Kenny Ikeji

Personal information
- Nationality: British
- Born: 28 October 2002 (age 23)

Sport
- Sport: Athletics
- Event: Hammer
- Club: Basildon AC

Achievements and titles
- Personal best(s): Hammer: 77.92 m (Austin, 2023)

= Kenneth Ikeji =

British athlete (born 2002)

Kenneth Ikeji (born 28 October 2002) is a British track and field athlete who competes in the hammer throw and is the UK record holder in the Weight throw.

==Early life==
Ikeji grew up in Dagenham. He won the 2017 English Schools title in the hammer in Birmingham. He attended Brampton Manor Academy in London. before attending Harvard University in the United States in 2021 to study computer science.

==Career==
Ikelj won the hammer throw 2023 NCAA Division I Outdoor Track and Field Championships with a 77.92m throw. This placed him third on the UK’s all-time rankings, breaking his personal best numerous times during the competition. He also set a new facility record, and Ivy League record, with the 77.92m distance.

He was selected as part of the Great Britain team for the 2023 European Athletics U23 Championships held from in July 2023 in Espoo, Finland. He was one of a few athletes controversially left out of the British squad for the 2023 World Championships, despite having been eligible to be selected by ranking.

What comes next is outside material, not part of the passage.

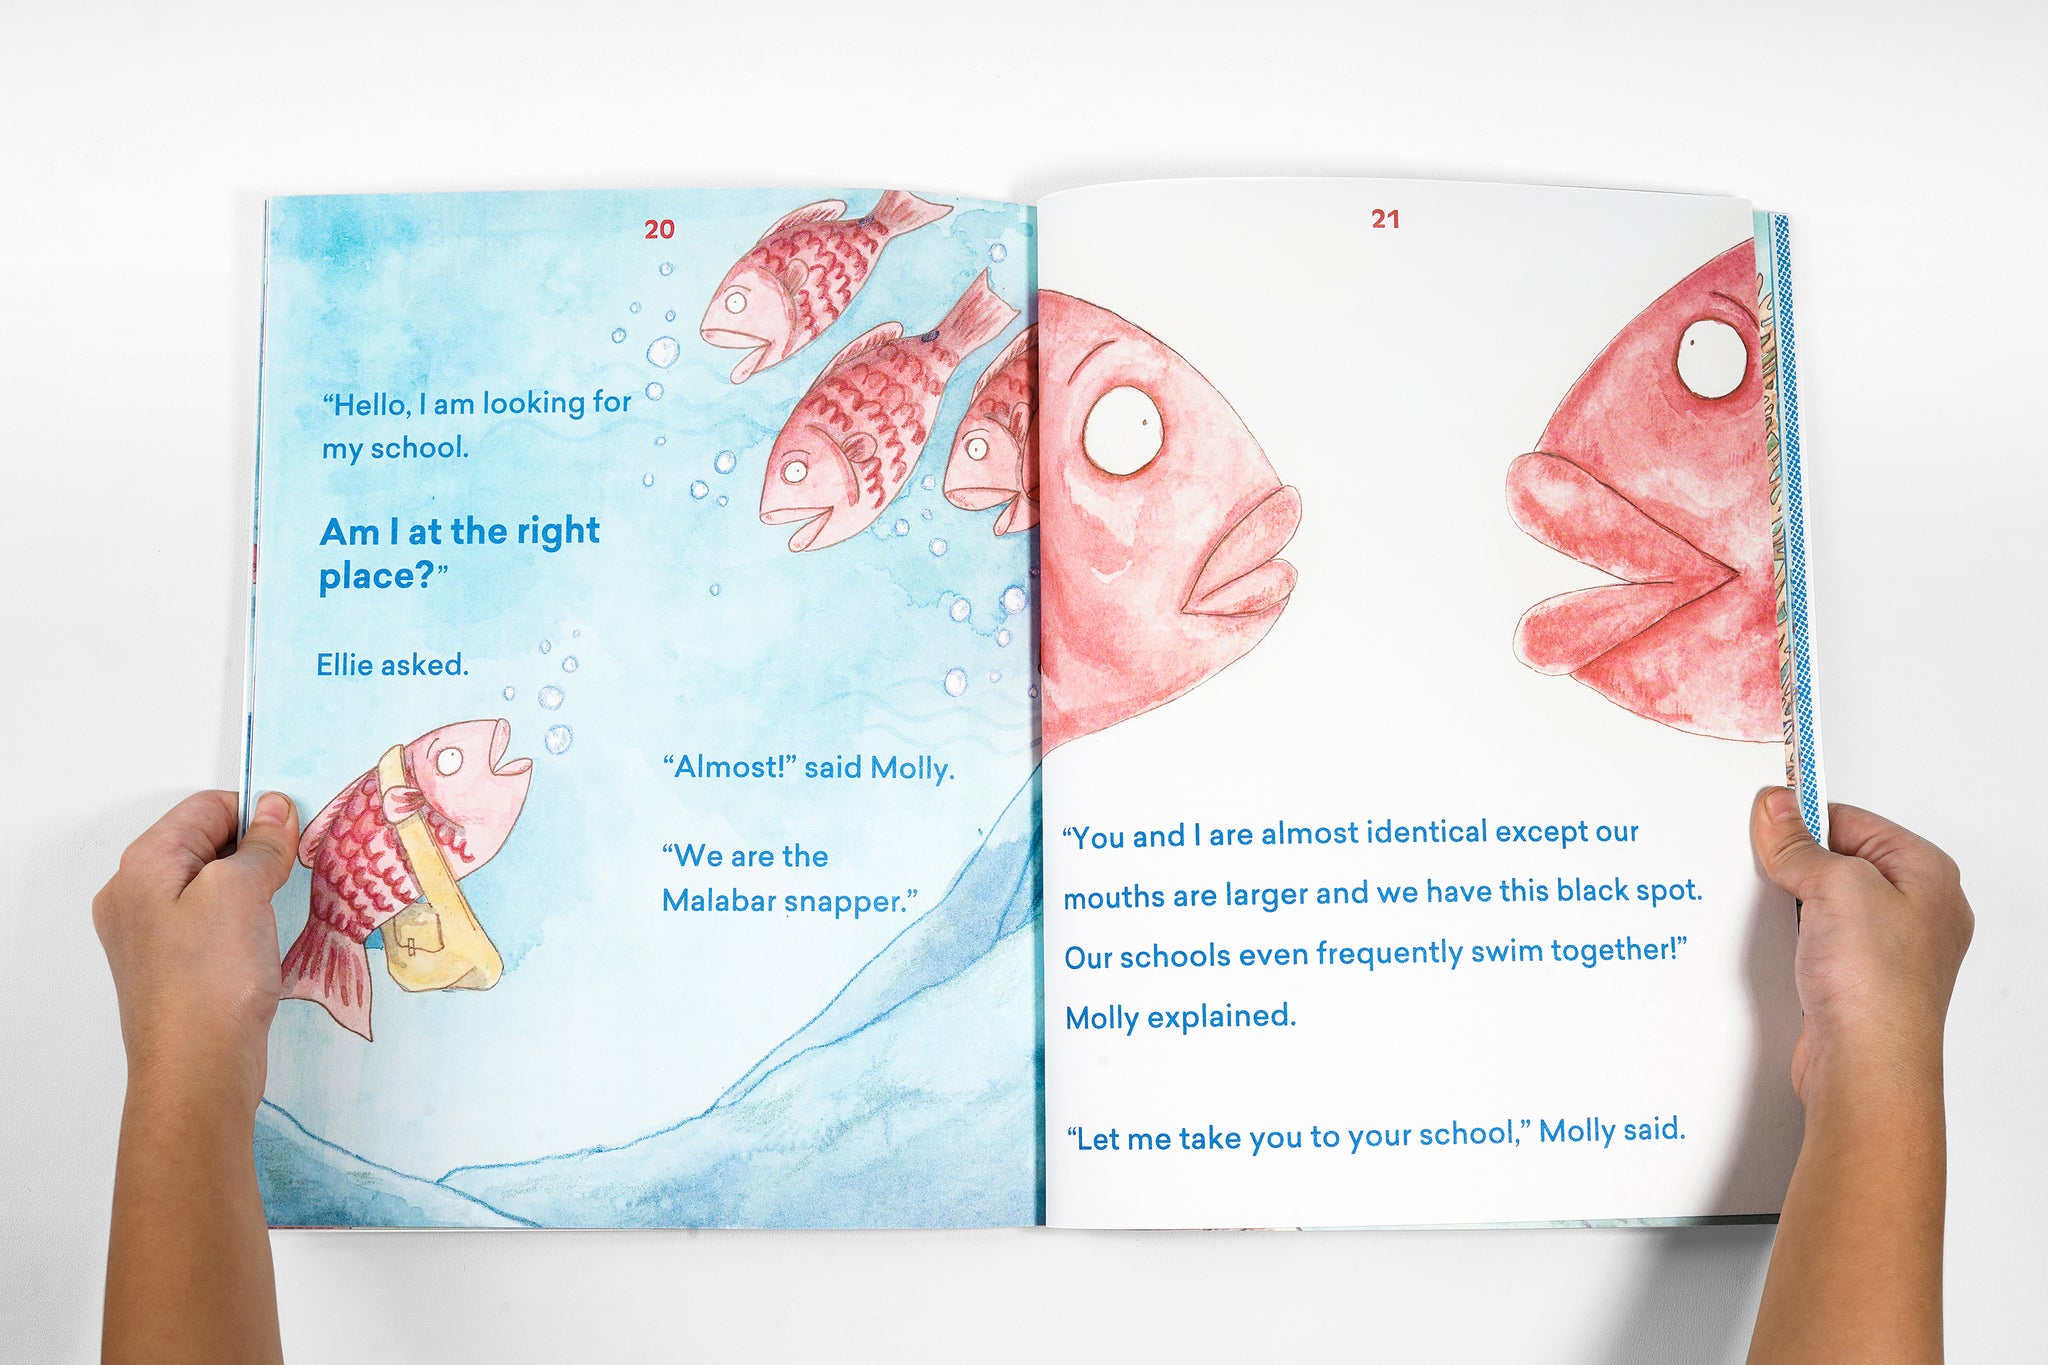 A Snapper Tale from Elle Wibisono published by Binatang Press

In February 2024, he set a new UK national record in the Weight throw, recording a distance of 24.39 whilst competing at the 2024 Ivy League Heptagonal Indoor Track & Field Championships. The following month he won the Weight competition with 24.32m at the NCAA Indoor Championships in Boston, Massachusetts. In November 2024, he was named by British Athletics on the Olympic Futures Programme for 2025.

He threw 75.20 metres to win the hammer throw at the Mt. SAC Relays in California on 19 April 2025.